Background/Purpose: The endocannabinoid system (ECS) is comprised of two evolutionary conserved cannabinoid receptors 1 and 2 (CB1 and CB2) which participate in pain management through G_αi/o mediated signaling. Recent studies show that the expression of CB2, not CB1, is upregulated at both the mRNA and protein levels in rheumatoid arthritis synovial fibroblasts (RASFs) as compared to normal synovial fibroblasts, however, the role the ECS receptors in pro-inflammatory cytokine signaling in RASFs remains poorly understood. In the present study, we used a selective agonist of CB2 (JWH-133) to characterize the role of CB2 activation in interleukin-1β (IL-1β)-induced inflammation in human RASFs.

Methods: Human RASFs were obtained from patients diagnosed with RA according to the ACR guidelines (8 female, 2 male, average age 47.7 ± 5.7 years). Human RASFs were pre-treated with JWH-133 (10-20 µM) for 10 minutes prior to the addition of IL-1β (10 ng/mL) stimulation for 30 minutes for signaling studies or for 24 hours to evaluate the inflammatory mediators. The role of CB2 in IL-1β signaling was examined by employing a small interfering RNA (siRNA) method or using overexpression plasmid specific for CB2. Conditioned media was used for the quantification of IL-6 and IL-8 by ELISA and cell lysates were prepared for the analysis of IL-1β signaling proteins and nuclear translocation of transcription factors NF-κBp65 or AP-1 using Western immunoblotting. To study protein-protein interactions, RASFs treated with JWH-133 or IL-1β were incubated with TAK-TAB_V5 protein. Associated partners were pulled down by immunoprecipitation of V5 beads and analyzed using a Western blotting method.

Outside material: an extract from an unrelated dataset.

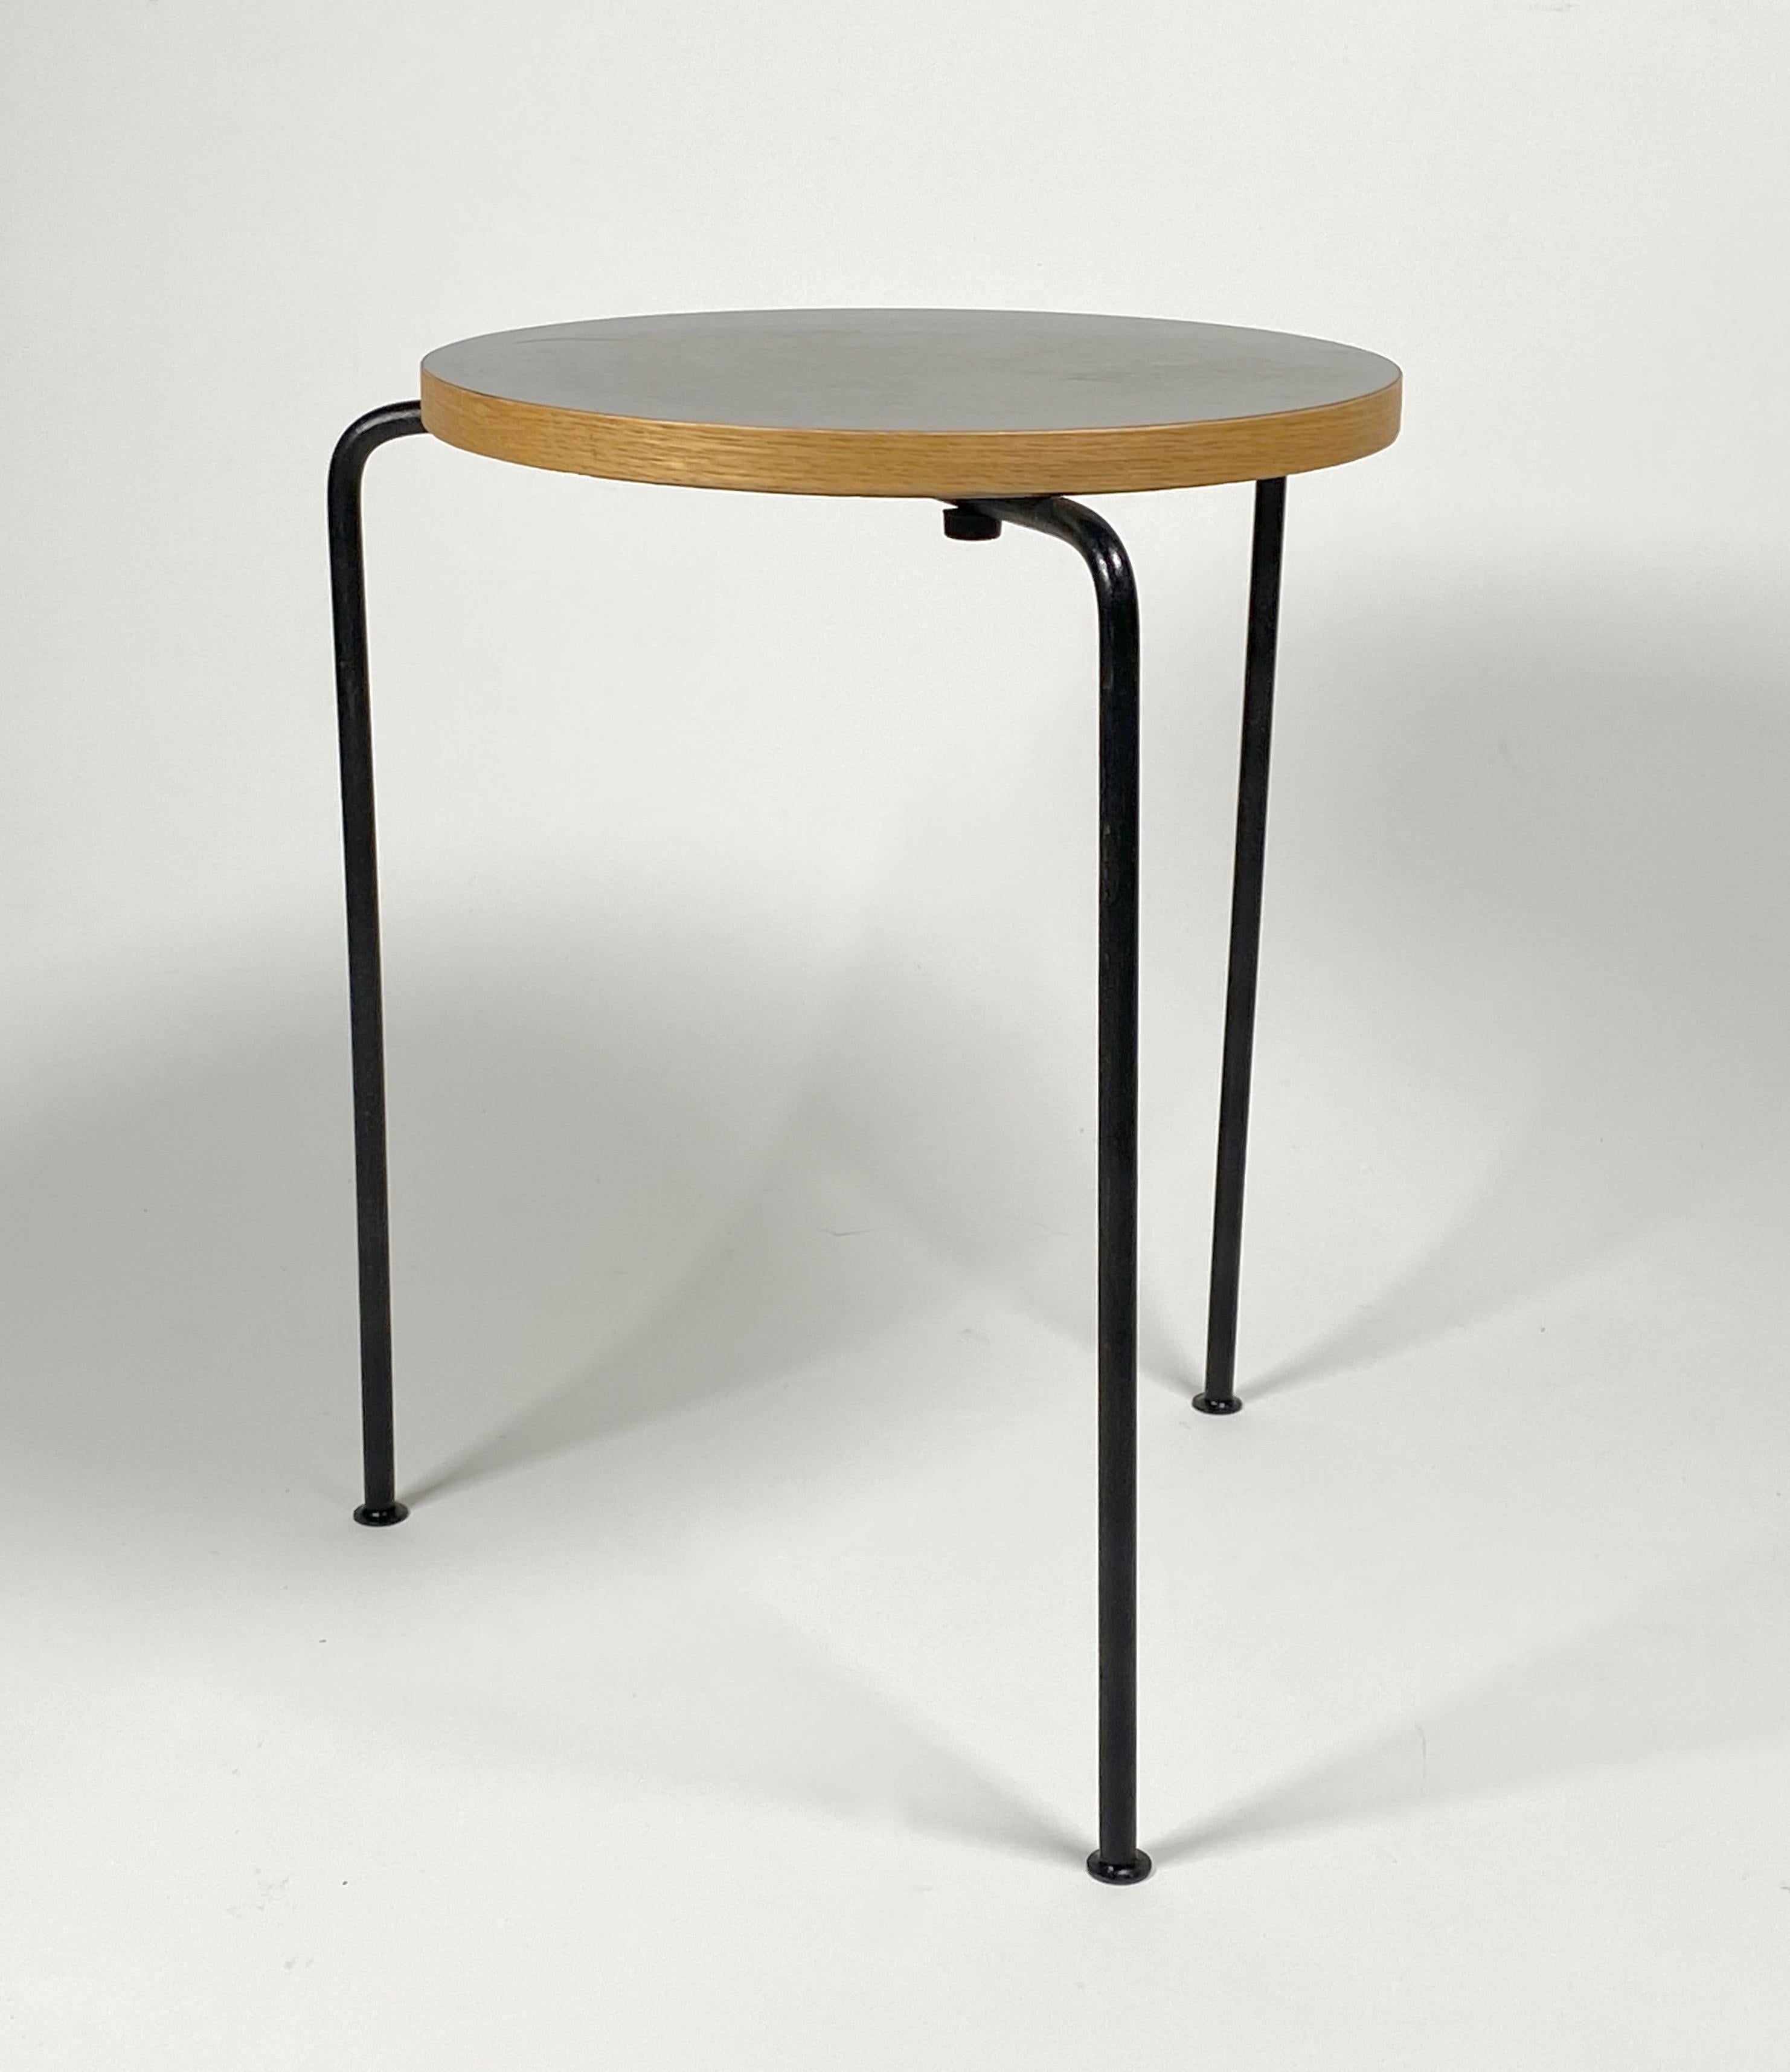 American California Modernist Design Stool Attributed to Bay Area Designer Luther Conover
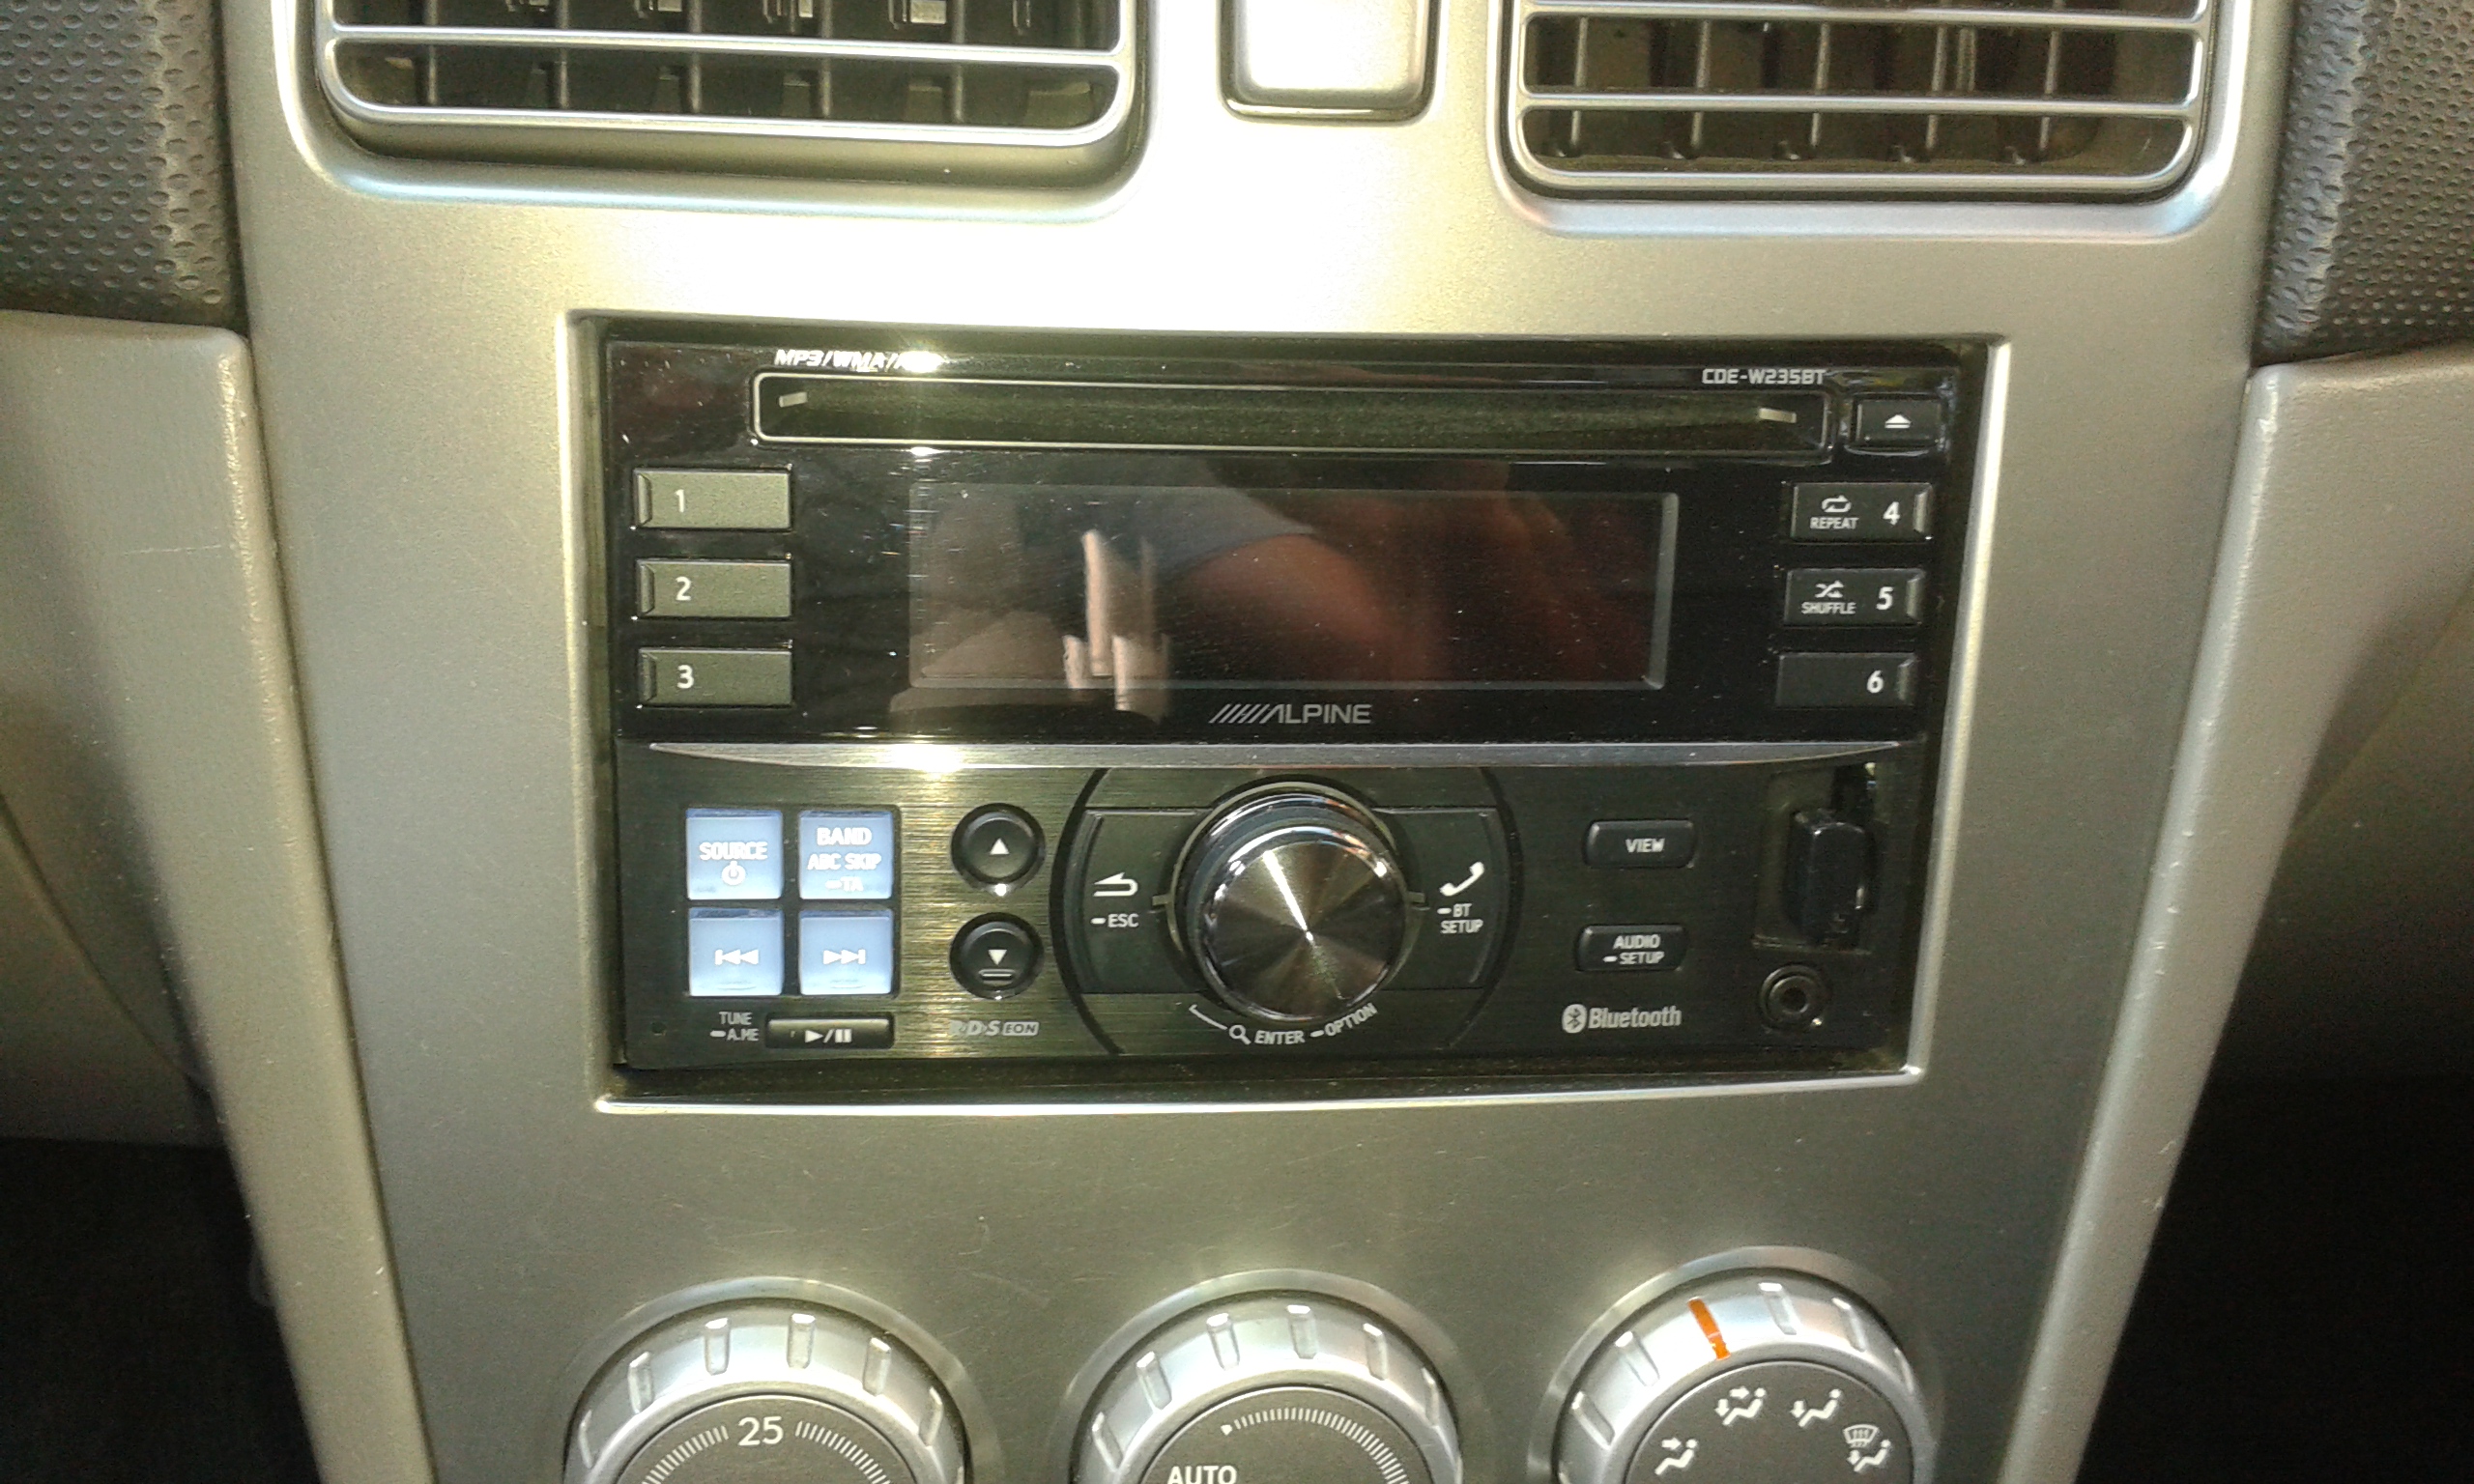 Forester Ii Radio Fabryczne - Forester - Forum Sip

Results: Pretreatment of JWH-133 exacerbated IL-1β-induced IL-6 and IL-8 production by 21% and 12%, respectively, in human RASFs (p<0.05; n=3). Furthermore, we observed that JWH-133 selectively increased the expression of IL-1β-induced Cox-2 by >2-fold (p<0.05; n=3), suggesting a proinflammatory role of CB2 in IL-1β signaling in human RASFs. Knockdown of CB2 using siRNA inhibited IL-1β-induced IL-6 and IL-8 production by more than 50% and completely abrogated Cox-2 expression in RASFs (p<0.05; n=3). In contrast, the overexpression of CB2 further increased IL-1β-induced IL-6 and IL-8 by approximately 3-fold and 4-fold, respectively (p<0.05; n=3), confirming its proinflammatory role in RASF mediated pain and inflammation. Analysis of immunoprecipitation studies revealed that CB2 associates with active TAK1 upon JWH-133 stimulation to coordinate with IL-1β signaling pathways as observed with an increased nuclear translocation of NF-κBp65 and AP-1.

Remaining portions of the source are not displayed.